Ils porteront du mérite sur terre. Ce sera la suite de récits
dénommés les Vingt-cinq Contes du Vampire. Quiconque
en racontera avec diligence, fût-ce un seul verset, quiconque
les écoutera, il sera immédiatement délivré
du mal. Et partout où ces récits seront diffusés,
coboldes et vampires, ogres, sorcières et démons ne
prévaudront pas. »
Quand le vampire eut parlé, il sortit du cadavre par sa Puissance
magique et se rendit où il lui plut d'aller. Alors le Grand
Seigneur en Personne se manifesta, avec les dieux, en présence
du roi qui courbait le front; et, satisfait, il lui adressa la parole
en ces termes :
« Tu as bien fait, mon fils, de tuer ce faux ascète qui
avait l'ardente convoitise de régner sur les Esprits aériens.

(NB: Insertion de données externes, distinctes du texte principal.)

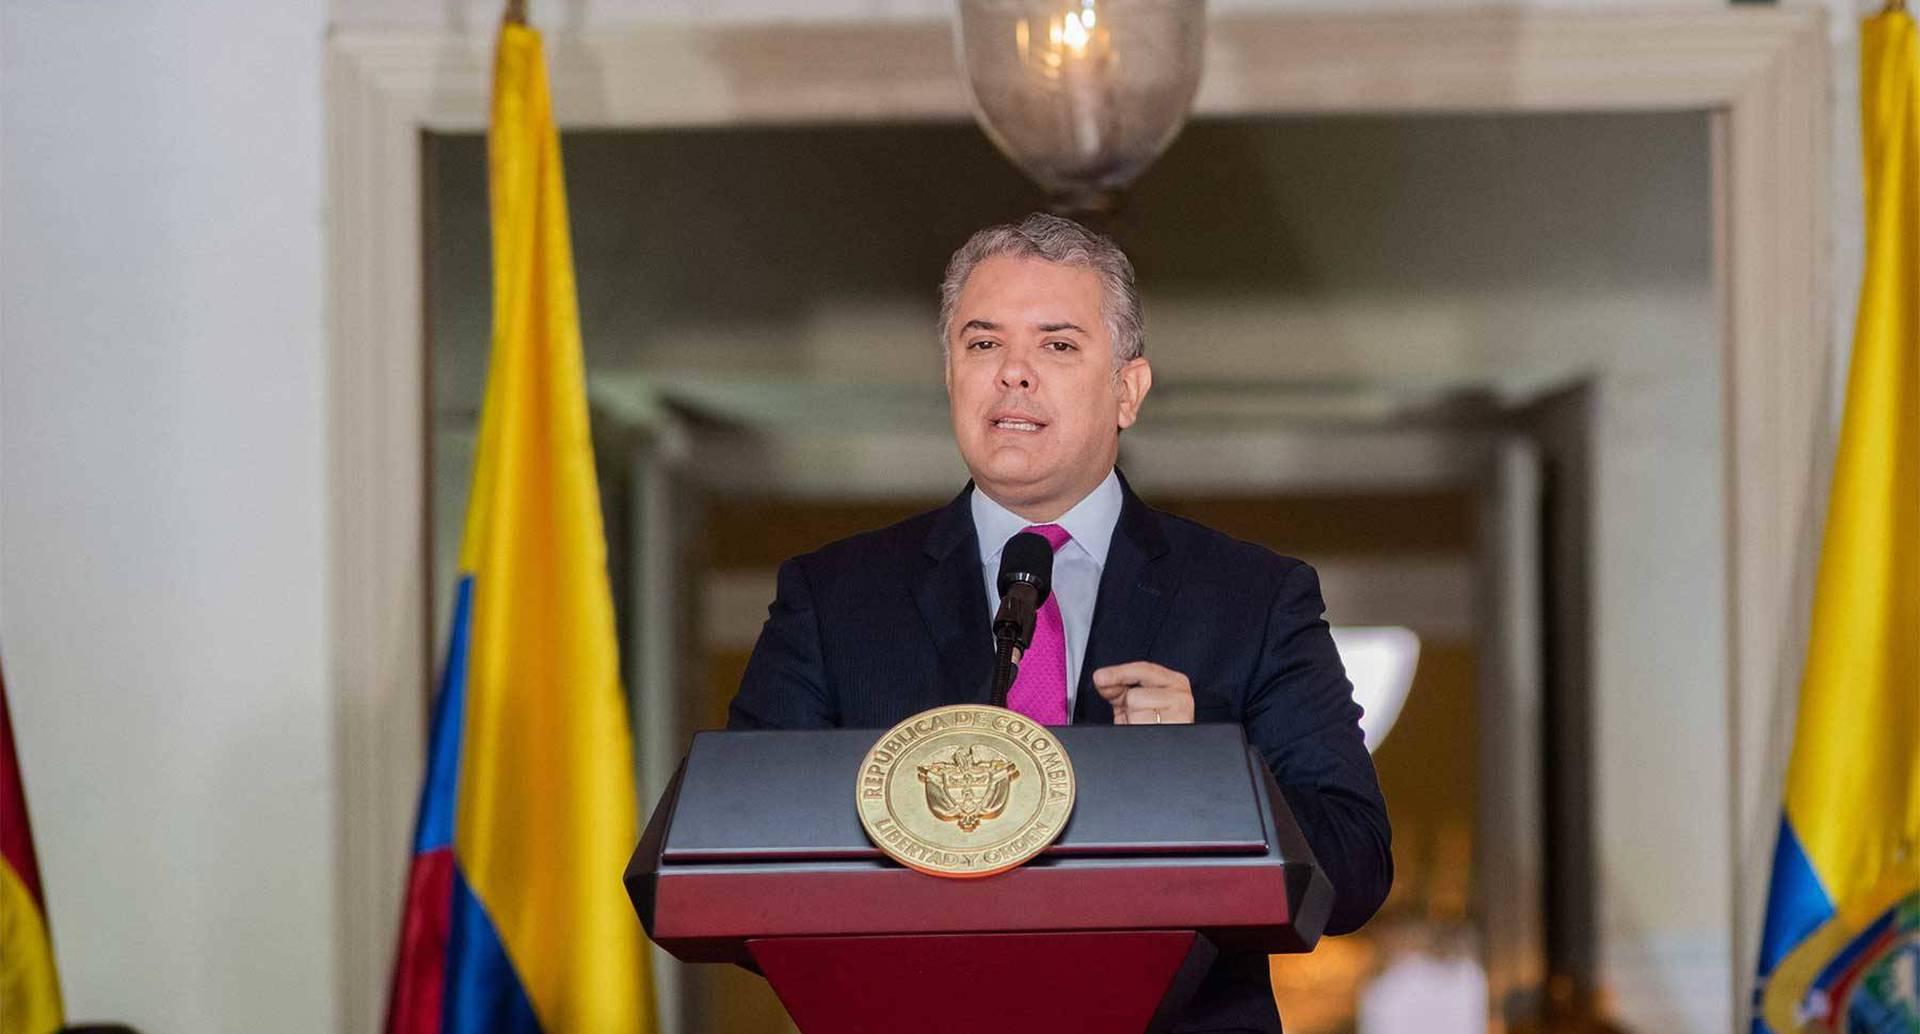 El mandatario intervino en la XX Reunión del Consejo Presidencial Andino. Foto Presidencia.

Au début des Ères, je t'avais créé comme
une portion de moi-même, sous le nom de Vikramâditya,
afin de détruire les démons qui s'étaient incarnés
en forme de Barbares. Aujourd'hui je t'ai créé une nouvelle
fois en tant que Trivikramasena, roi héros, afin de dompter
un malfaiteur déchaîné. Lorsque tu auras soumis
à ta volonté la terre avec ses îles et ses domaines
infernaux, tu deviendras au bout de peu de temps le souverain des
Esprits aériens. Pendant une longue durée tu jouiras
des plaisirs célestes; puis tu t'en dégoûteras
et y renonceras volontairement. A la fin, tu seras uni à Moi
5, aies-en la certitude. Reçois de ma part cette épée
qui se nomme l'Invincible, grâce à laquelle tu obtiendras
tout ce que j'ai dit. »
Alors le dieu Auspicieux remit au roi l'Épée miraculeuse;
puis il disparut, ayant reçu en hommage des paroles dévotes
et des fleurs.
Quand le roi Trivikramasena eut constaté que tout ce qui était
à faire avait été fait, comme la nuit s'éclaircissait,
il retourna en sa capitale, à Pratisthâna. Là
il fut fêté par ses sujets qui avaient appris, étape
par étape, ses exploits nocturnes. Il y eut des cérémonies
considérables. Toute la journée se passa pour lui à
se baigner, procéder à des dons, adorer Siva, tout cela
parmi les danses, les chants, la musique et autres divertissements.
En peu d'années, aidé par l'épée de Siva
autant que par sa vaillance propre, le roi ordonna sous son Pouvoir
la terre entière, libre d'ennemis, avec ses îles et ses
domaines infernaux.
Alors, quand il eut obtenu l'immense empire sur les Esprits aériens
et qu'il en eut joui un long temps selon les instructions de Siva,
il fut uni au Seigneur, car il avait accompli son destin.